Long and short of this is that I as turned down for credit on a Macbook yesterday 

Any ways of viewing my credit rating and finding ways to improve it?

I have no outstanding loans and my only outgoing in my phone bill. Everything else is cash for me. 

Would my age also turn against me?


----------



## Deanoecosse (Mar 15, 2007)

Equifax or Experian online will do you a credit check. Infact I'm sure there is a free trial to one of them just now. Yes your age will be a negative against you if your a young un as the credit companies are looking for "good" risks in the current climate. .


----------



## empsburna (Apr 5, 2006)

Have you missed any payments recently? Are you on the electoral roll?


----------



## mba (Jun 17, 2006)

My cousin got turned down for a mortgage because he had no credit history. They adived him to get a credit card, use it, and pay off the full amount when due.
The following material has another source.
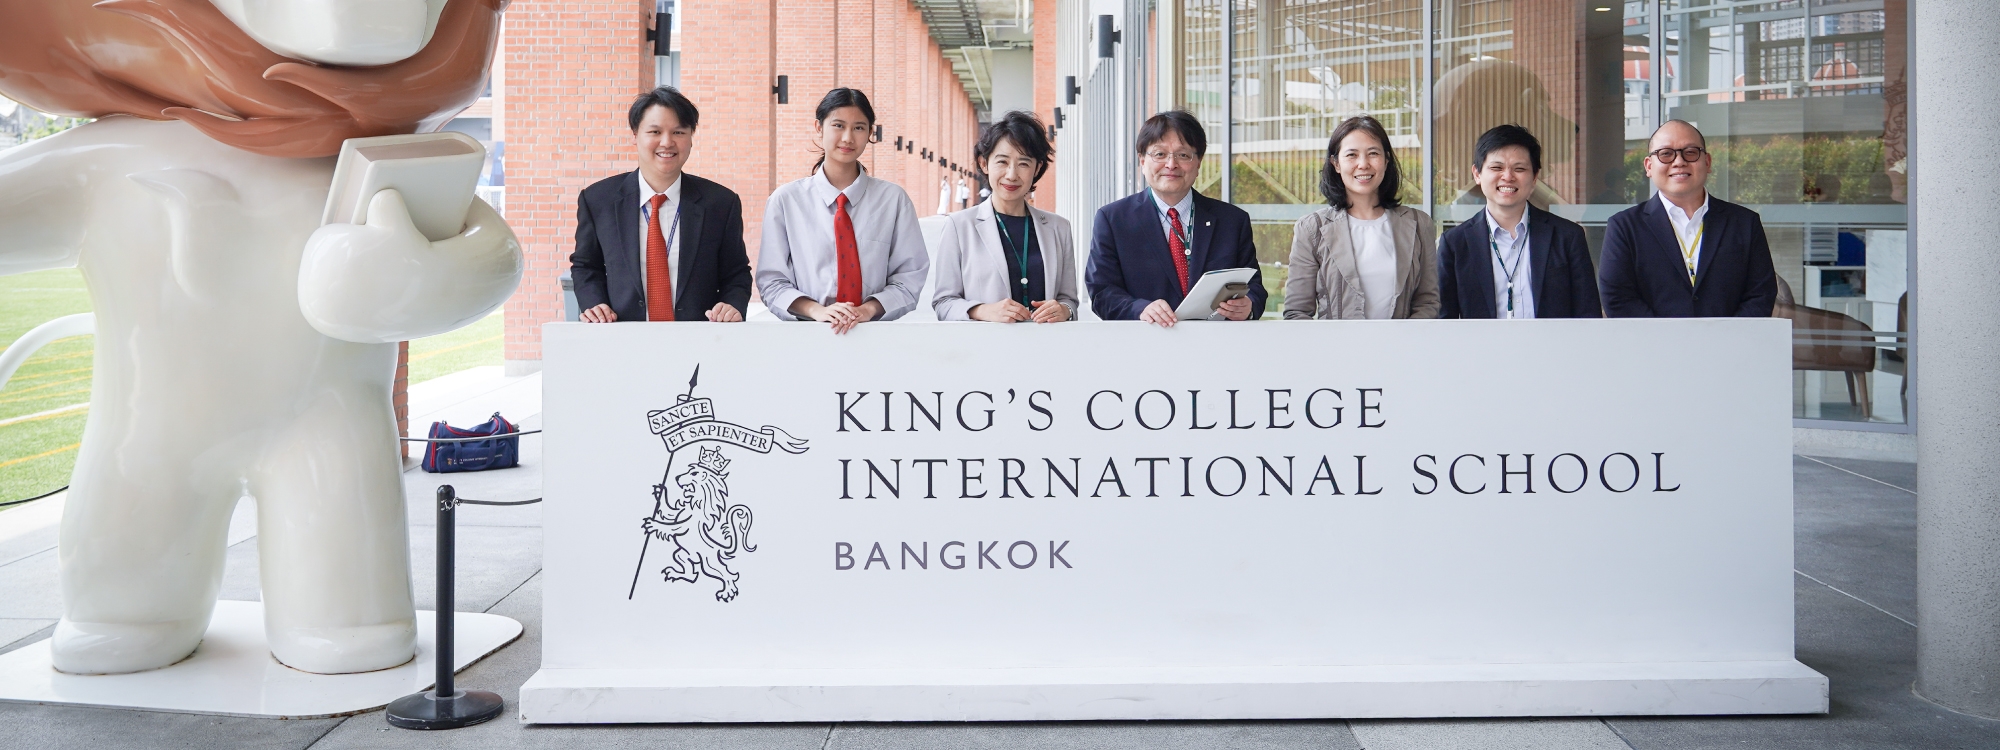 King’s Bangkok welcomed the Vice President for International Affairs, Professor of the Faculty of Social Sciences and Director of International Affairs from Waseda University to a school visit

People need to know you are good credit


----------



## SXI (Apr 25, 2009)

Midlands Detailing said:


> Have you missed any payments recently? Are you on the electoral roll?


Never missed a payment; only got my phone bill to pay

Yes im on the electoral roll


----------



## david g (Dec 14, 2005)

It could well be if you havent had a lot of credit in the past then it can mean that you dont have any history for the credit company to guage whether your a good or bad risk


----------



## yin (Dec 29, 2005)

SXI said:


> Everything else is cash for me.


There is you problem no rating is as bad as having a bad rating

get a credit card pay for everything on it then clear the bill at the end of the month:thumb:


----------



## jamest (Apr 8, 2008)

What difference does missing a payment one month on your credit card do?

I forgot one month a couple years back (only used my card once all month for £7.99). I haven't had any trouble getting a mortgage and car on finance since.


----------



## -ROM- (Feb 23, 2007)

jamest said:


> What difference does missing a payment one month on your credit card do?
> 
> I forgot one month a couple years back (only used my card once all month for £7.99). I haven't had any trouble getting a mortgage and car on finance since.


Not a great deal, but there will be a little black mark against your name, but don't lose sleep over it.


----------